A fast primer on Cross-Origin Resource Sharing—what “origin” means, how simple vs. preflighted requests work, when to send credentials, and the exact headers that fix the dreaded CORS error.

TL;DR

  • Browsers enforce the same-origin policy. Servers must explicitly opt-in via Access-Control-* headers.
  • Simple requests (GET/HEAD/POST with “simple” headers & content types) skip preflight.

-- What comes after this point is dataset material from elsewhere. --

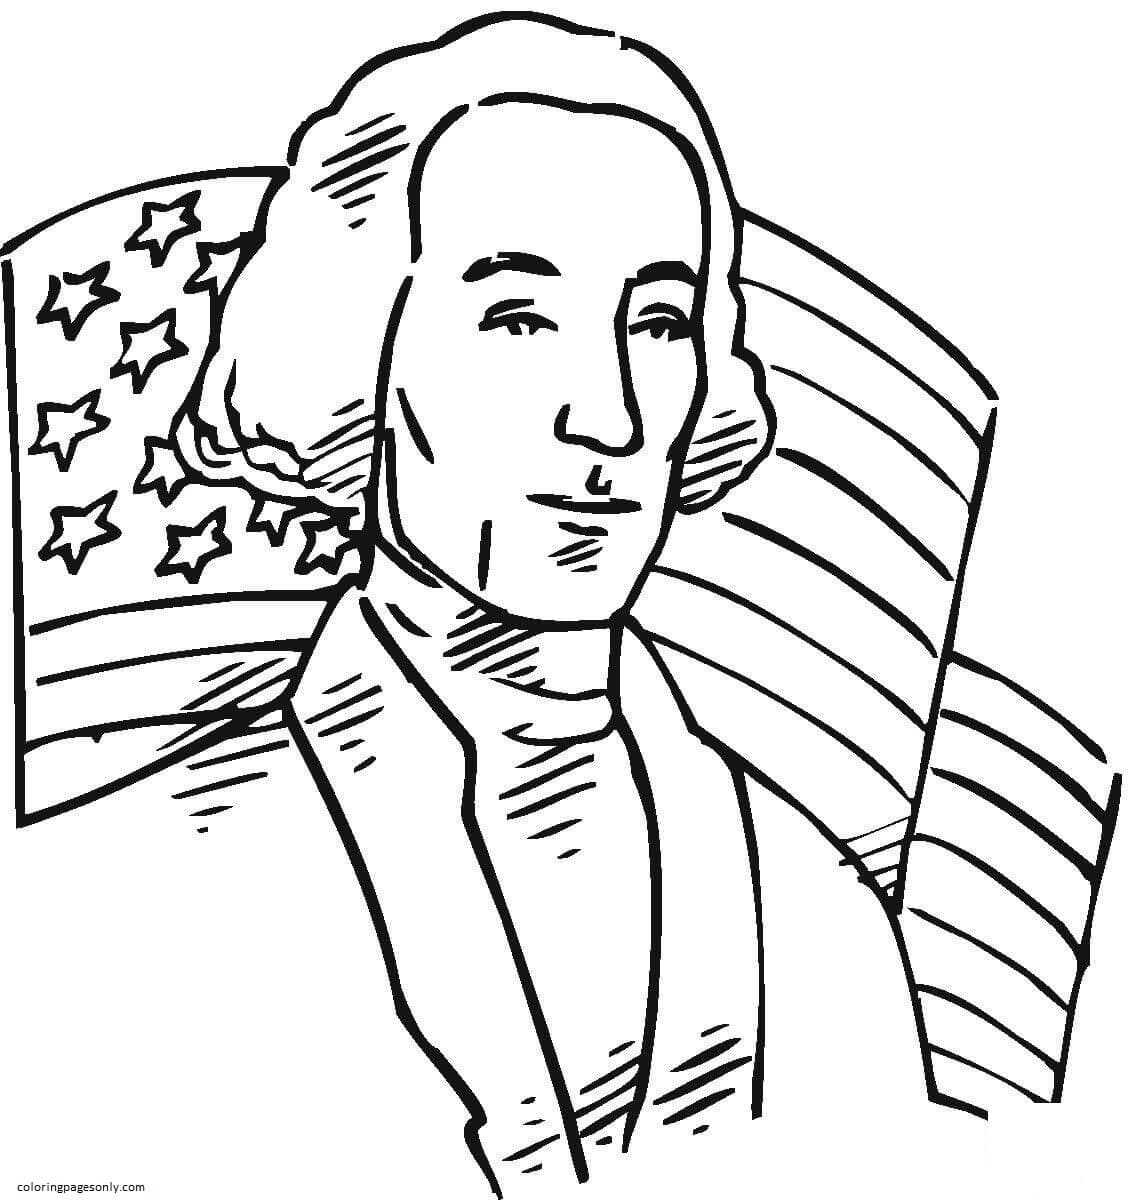 George Washington first president of United States Coloring Page

Anything else triggers an OPTIONS preflight.
  • With credentials (cookies/HTTP auth) you must: set Access-Control-Allow-Credentials: true, use a specific Access-Control-Allow-Origin (no *), and set cookies with SameSite=None; Secure.
  • Cache preflights with Access-Control-Max-Age and avoid unnecessary custom headers to reduce preflight chatter.
  • Add Vary: Origin on responses that change by request origin.
  • For third-party APIs you can’t change: call them from your server (proxy) instead of the browser.

Why does CORS exist?

CORS is a protocol that safely relaxes the browser’s same-origin policy (which blocks reading responses across origins) by letting the target server say “this origin may read me.” It protects users while enabling legitimate cross-site API calls.


The actors (mental map)

Your Frontend (https://app.example.com) ── fetch ──► Browser
                                                     │ adds Origin: https://app.example.com
                                                     ▼
Target API (https://api.example.net) ── responds with Access-Control-* headers
  • Browser: Adds the Origin request header, runs the CORS checks, may send an OPTIONS preflight first.
  • API/Origin server: Decides which origins/methods/headers are allowed and returns the CORS response headers.
  • CDN/Proxy: Must pass through and correctly cache CORS headers. Add Vary: Origin when responses differ by origin.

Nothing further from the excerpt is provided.